** Data section follows **

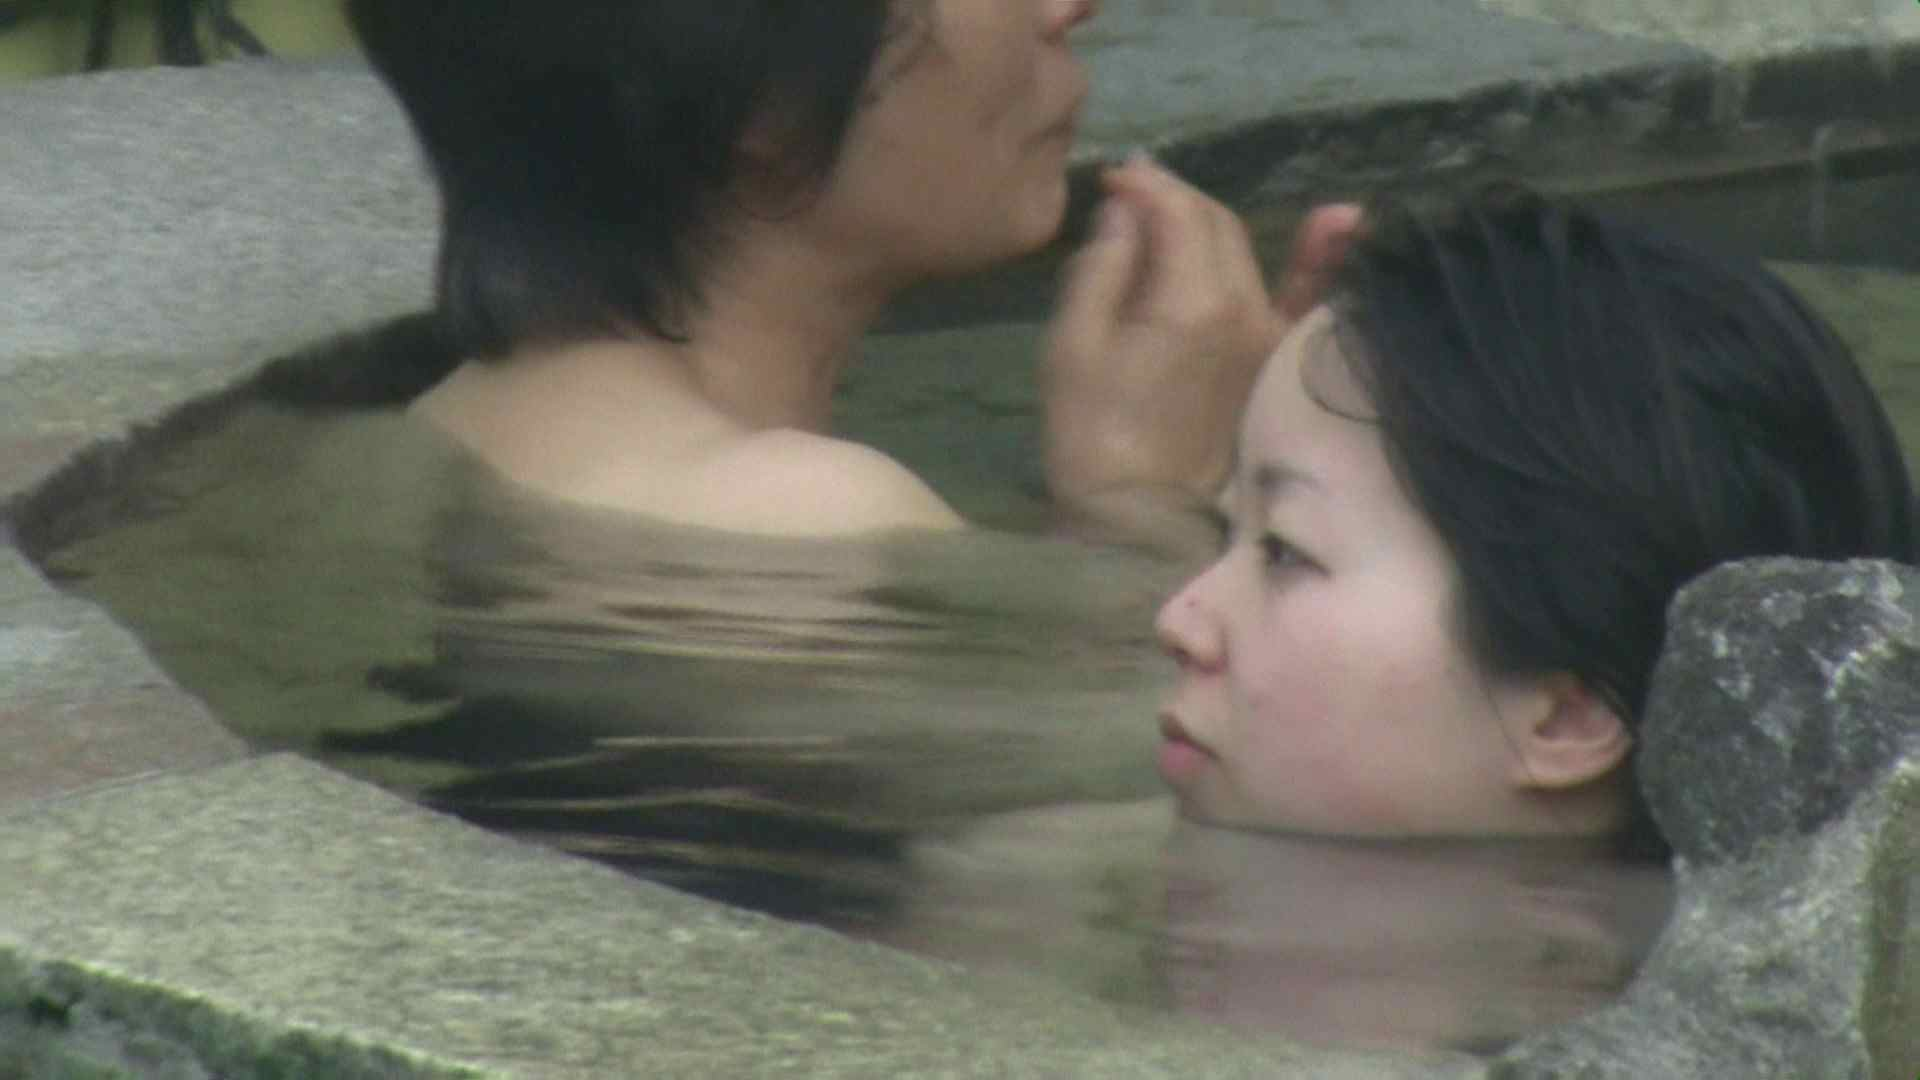 Aquaな露天風呂Vol.06【VIP】 HなOL | 盗撮  86pic 25
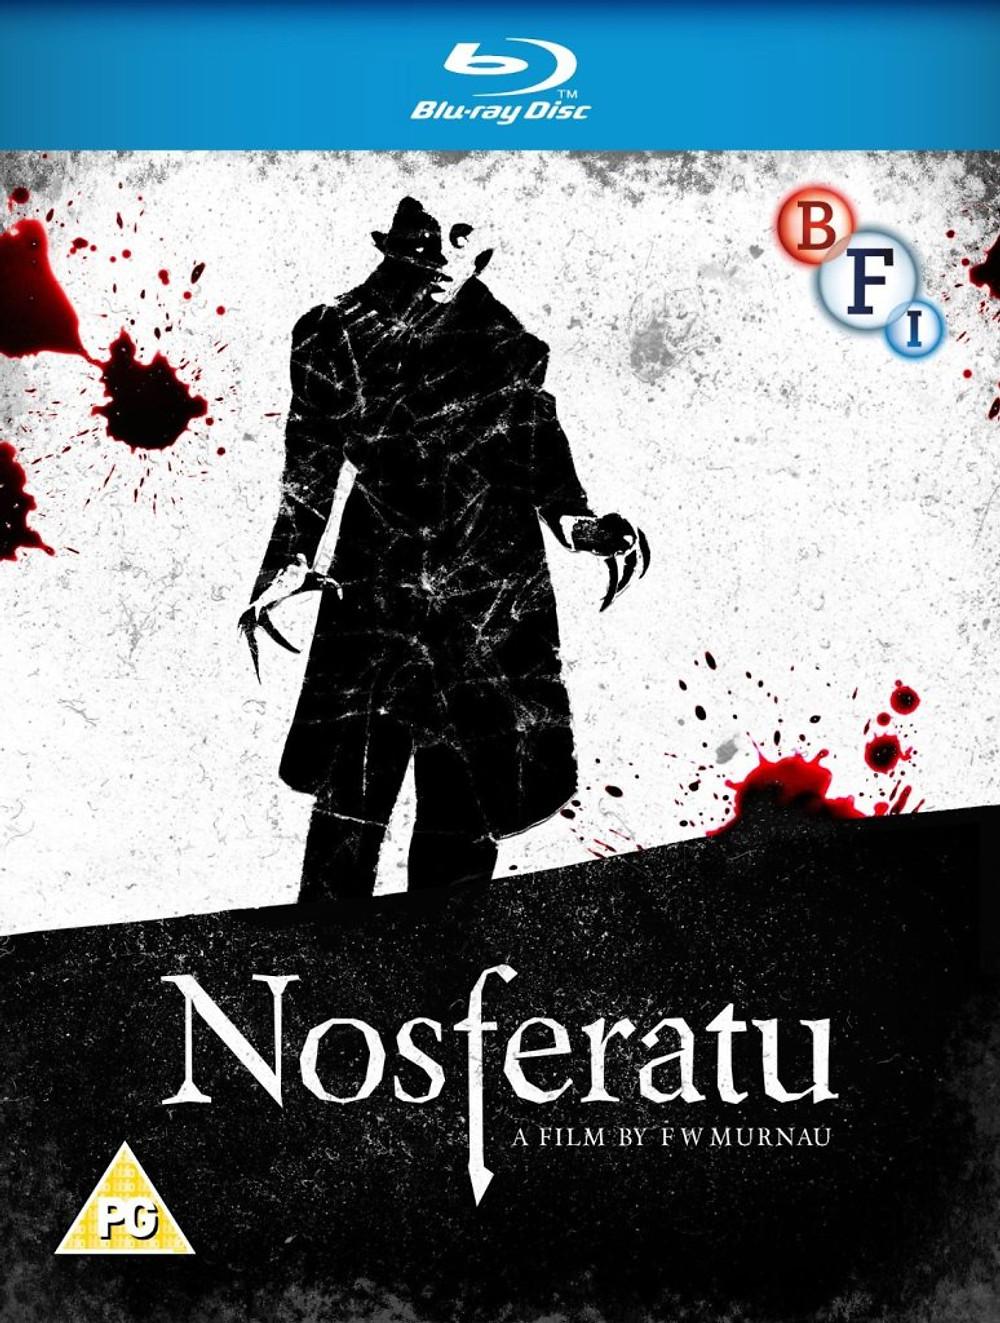 Nosferatu BFI Bluray Cover
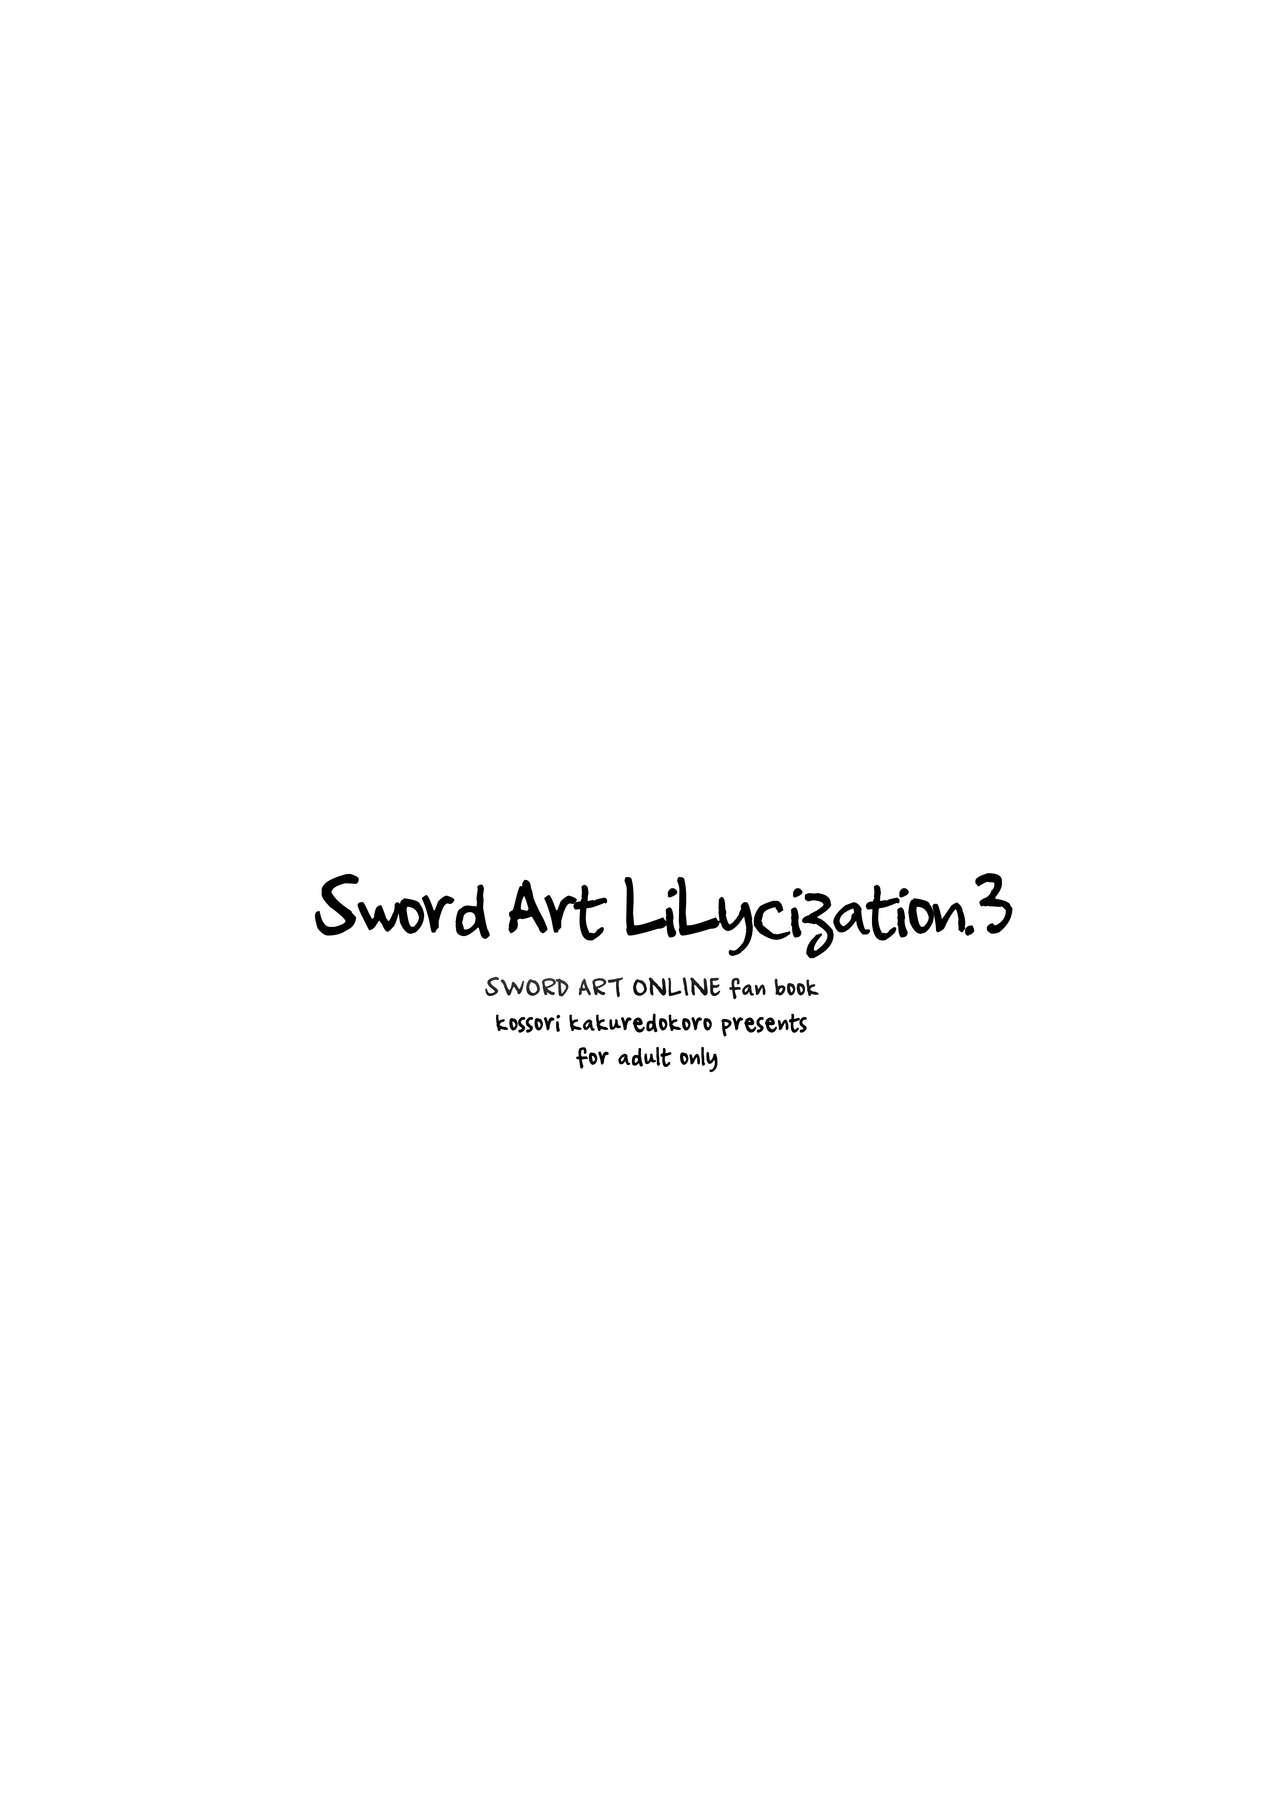 Sword Art Lilycization.3 19

** End of Data section **

» **Exercise aim**
Exactly the lines running from the one with "Nosferatu BFI Bluray Cover" through the end of the listing above must be output, both ends included. No pictures belong in the output.

» **Answer area**
 Nosferatu BFI Bluray Cover
 Sword Art Lilycization.3 19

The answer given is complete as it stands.